What you return should be only the lines in the entries below between the one holding "makkelijk te gebruiken" and the one holding "Peli Headsup Lite 2610 LED", ends included, with every picture left out.

Information given |
-- Opening Marker --

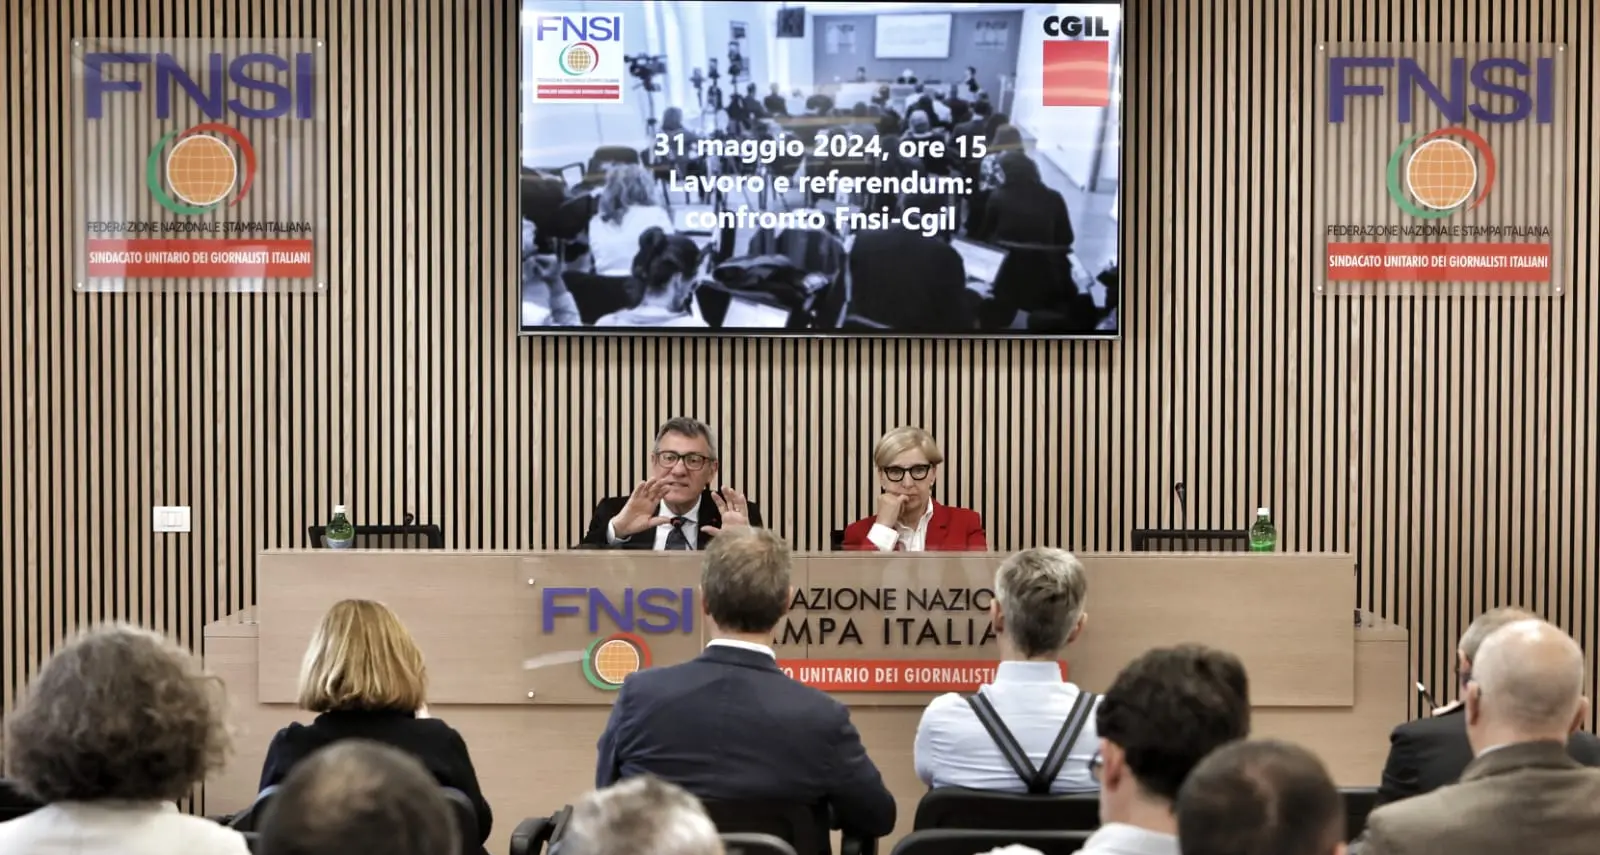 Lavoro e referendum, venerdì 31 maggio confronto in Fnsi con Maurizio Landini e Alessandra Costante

-- Closing Marker --
-- Opening Marker --

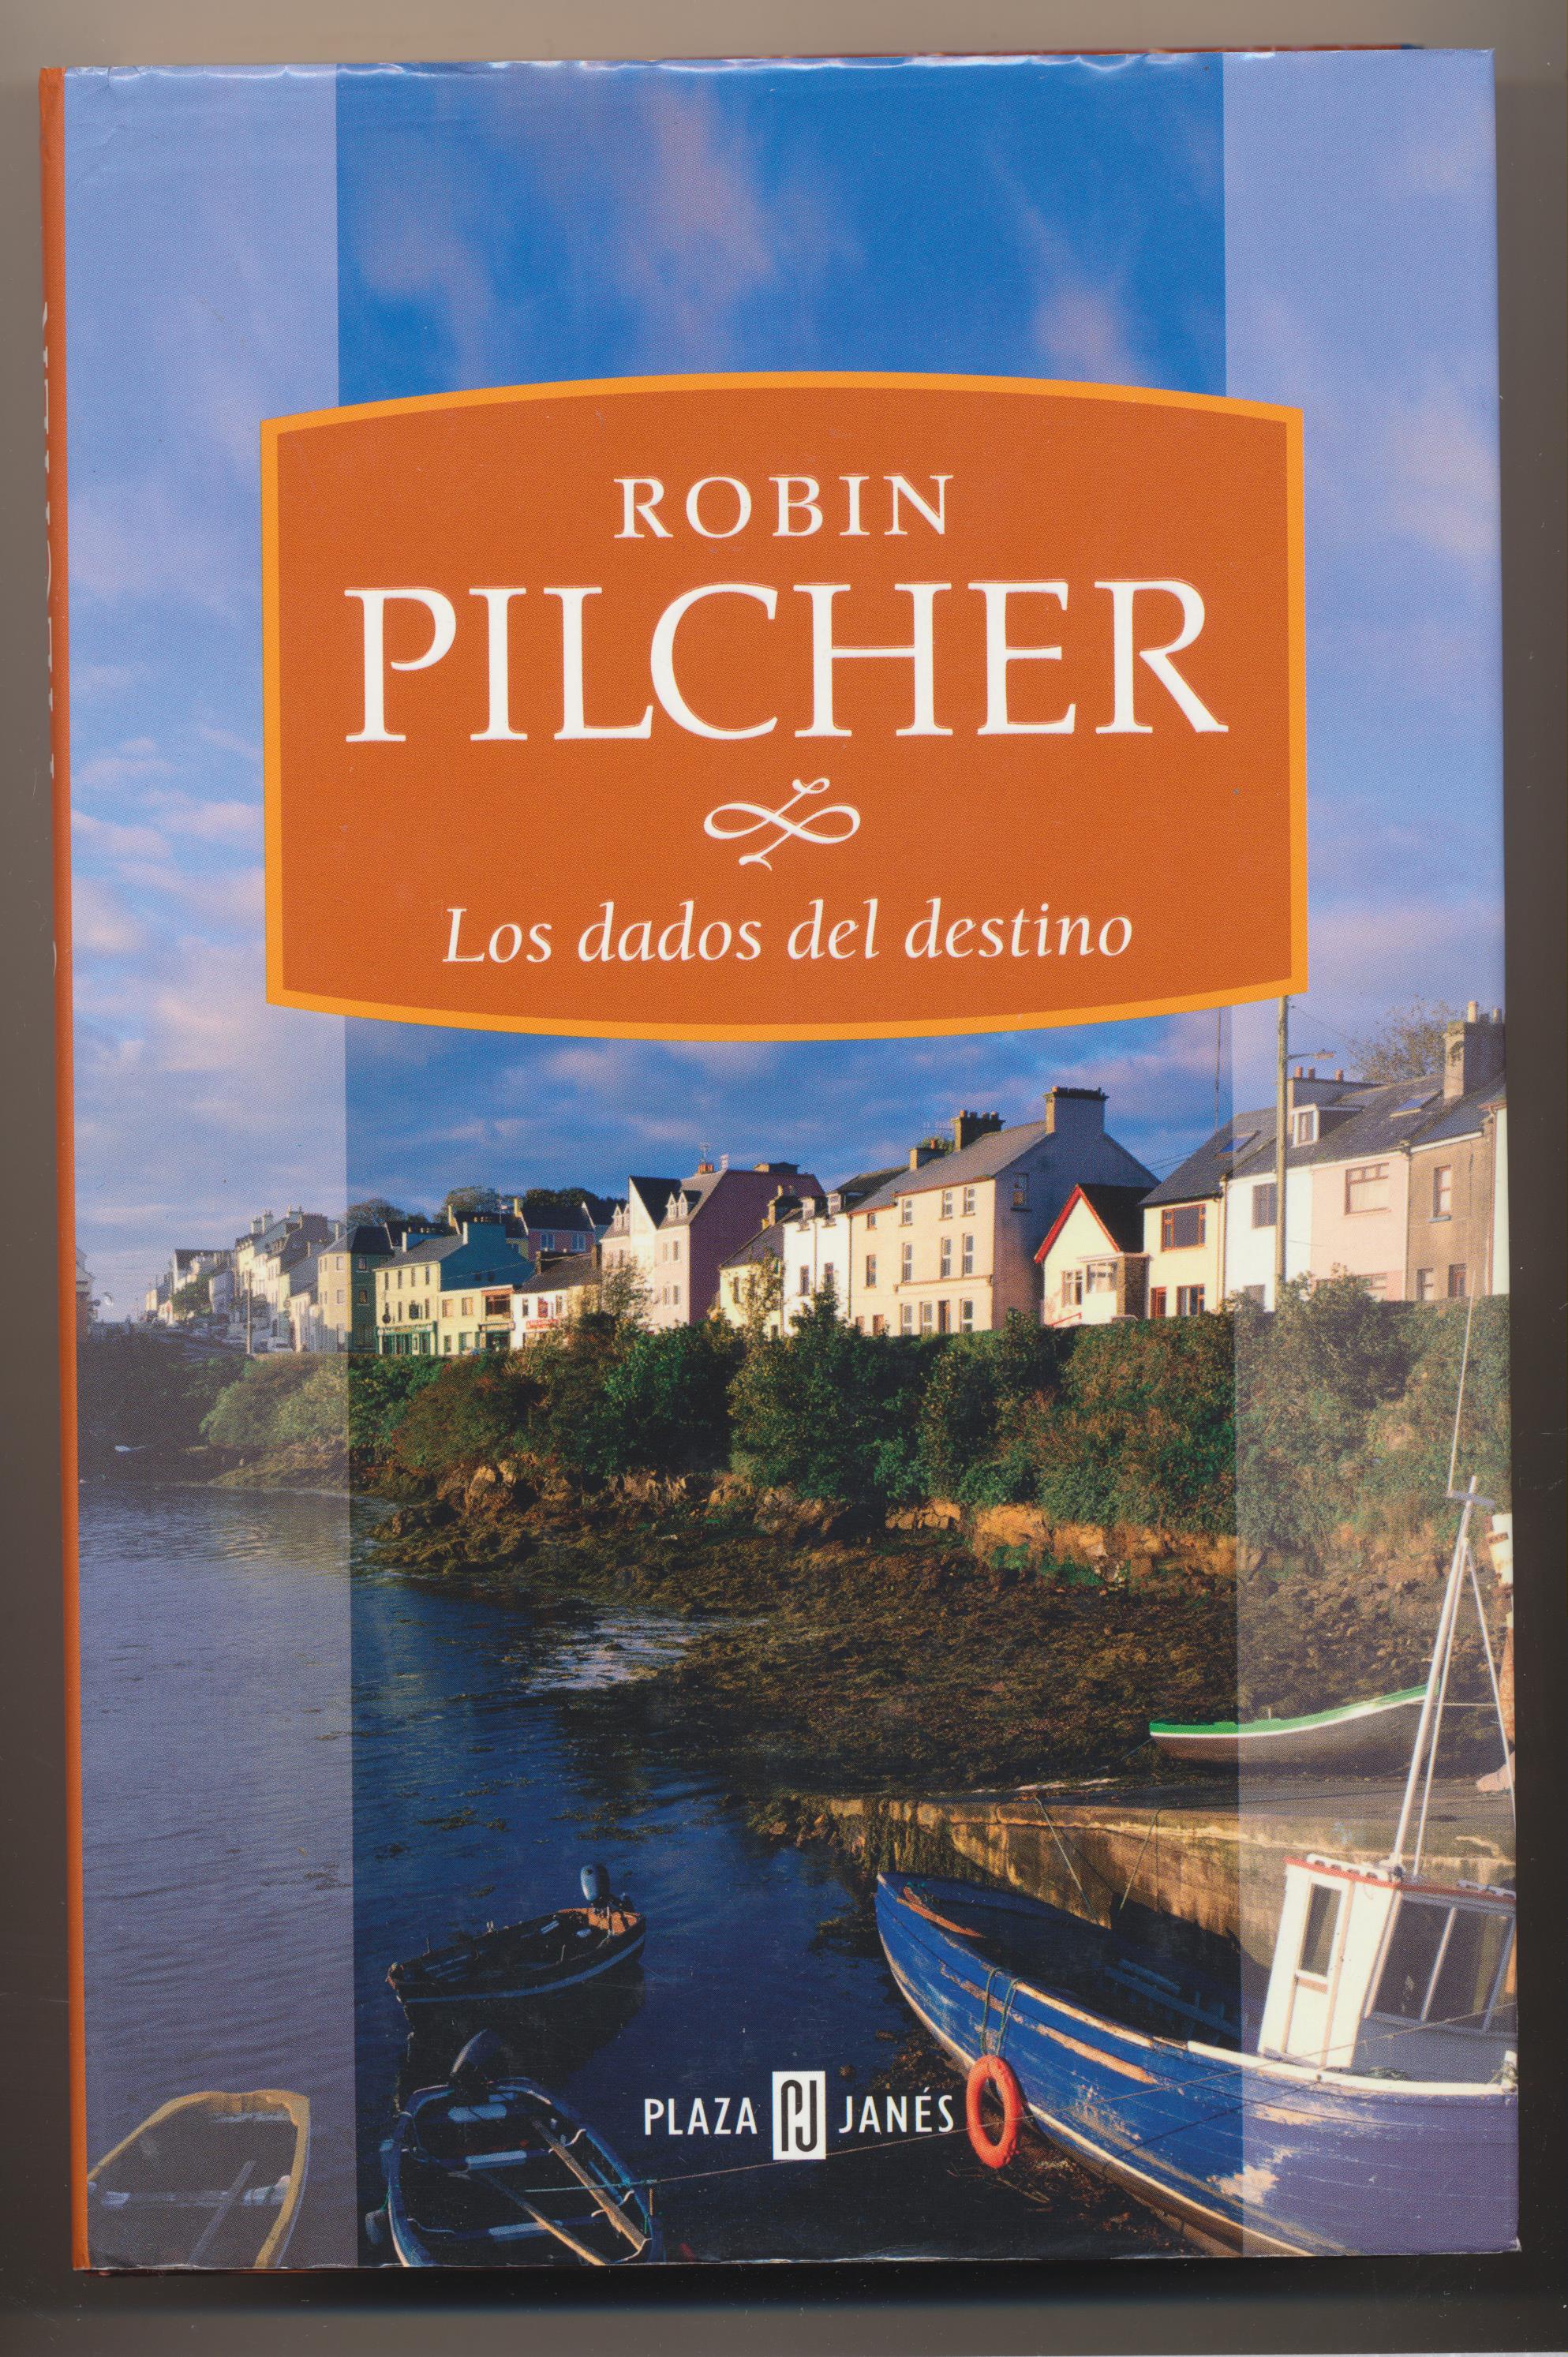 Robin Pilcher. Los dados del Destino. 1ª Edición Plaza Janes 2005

-- Closing Marker --
-- Opening Marker --

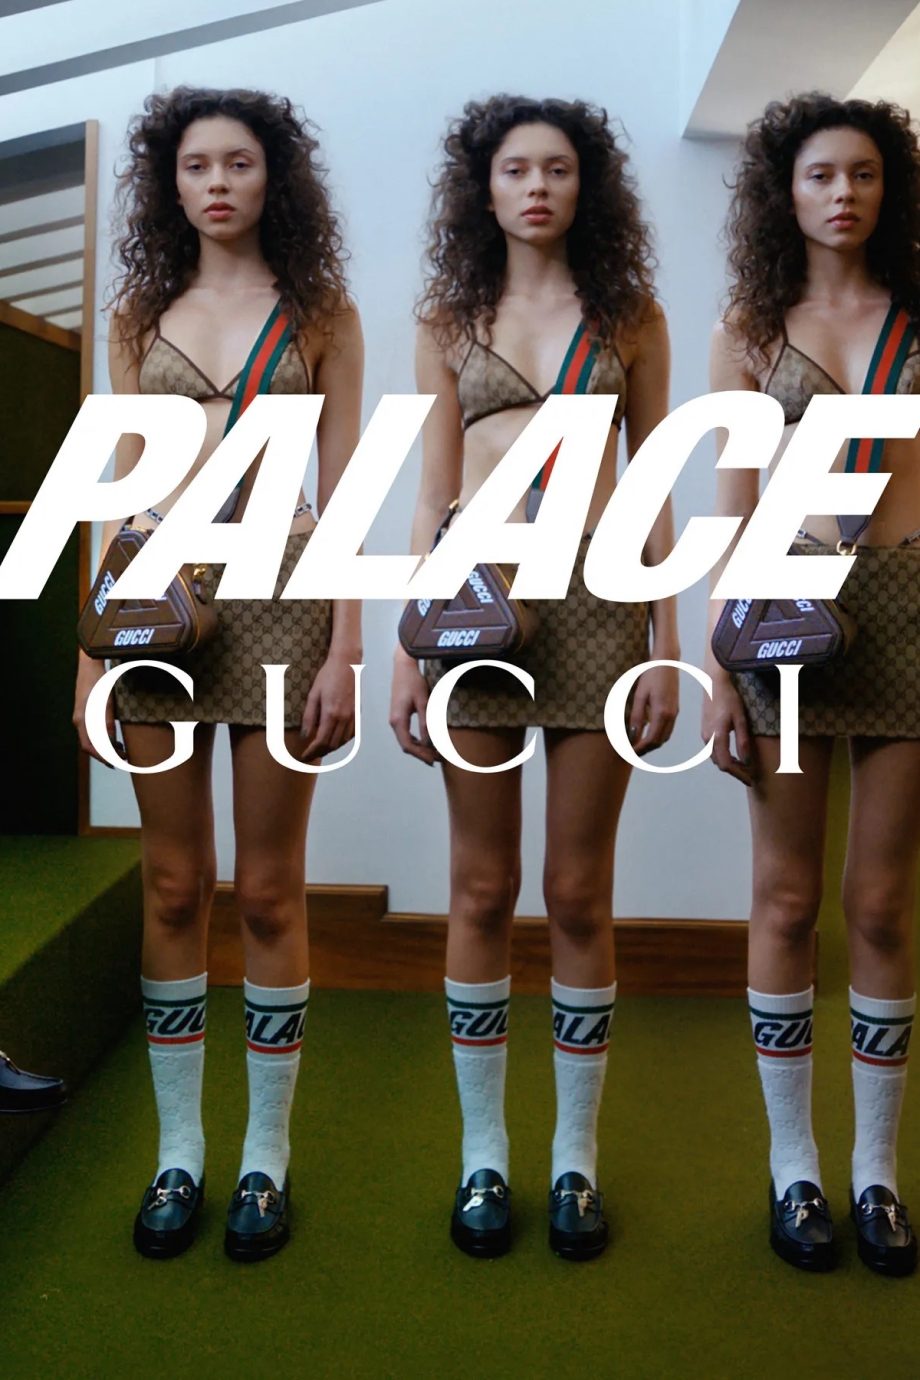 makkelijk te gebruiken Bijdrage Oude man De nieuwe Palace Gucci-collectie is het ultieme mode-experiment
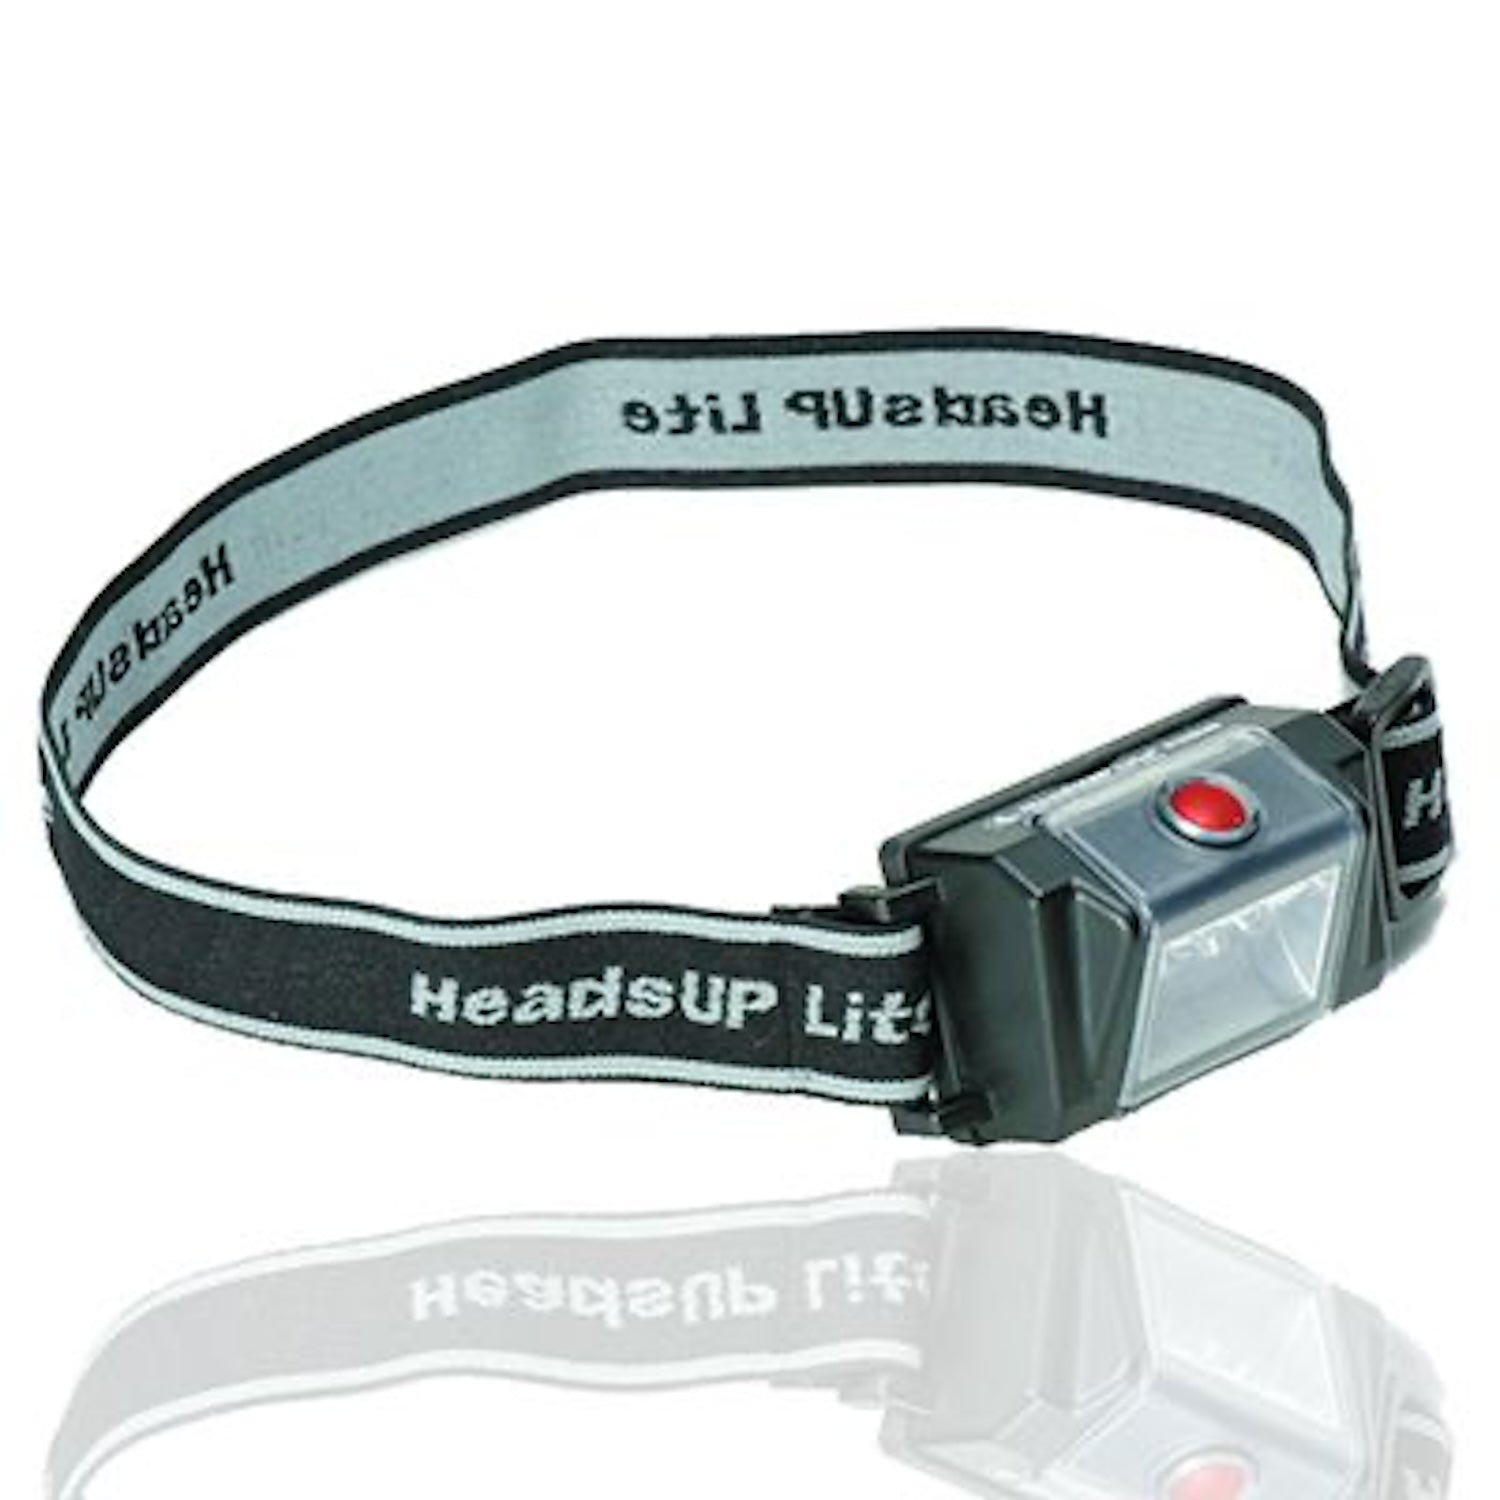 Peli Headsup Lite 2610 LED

-- Closing Marker --

Result below |
 makkelijk te gebruiken Bijdrage Oude man De nieuwe Palace Gucci-collectie is het ultieme mode-experiment
 Peli Headsup Lite 2610 LED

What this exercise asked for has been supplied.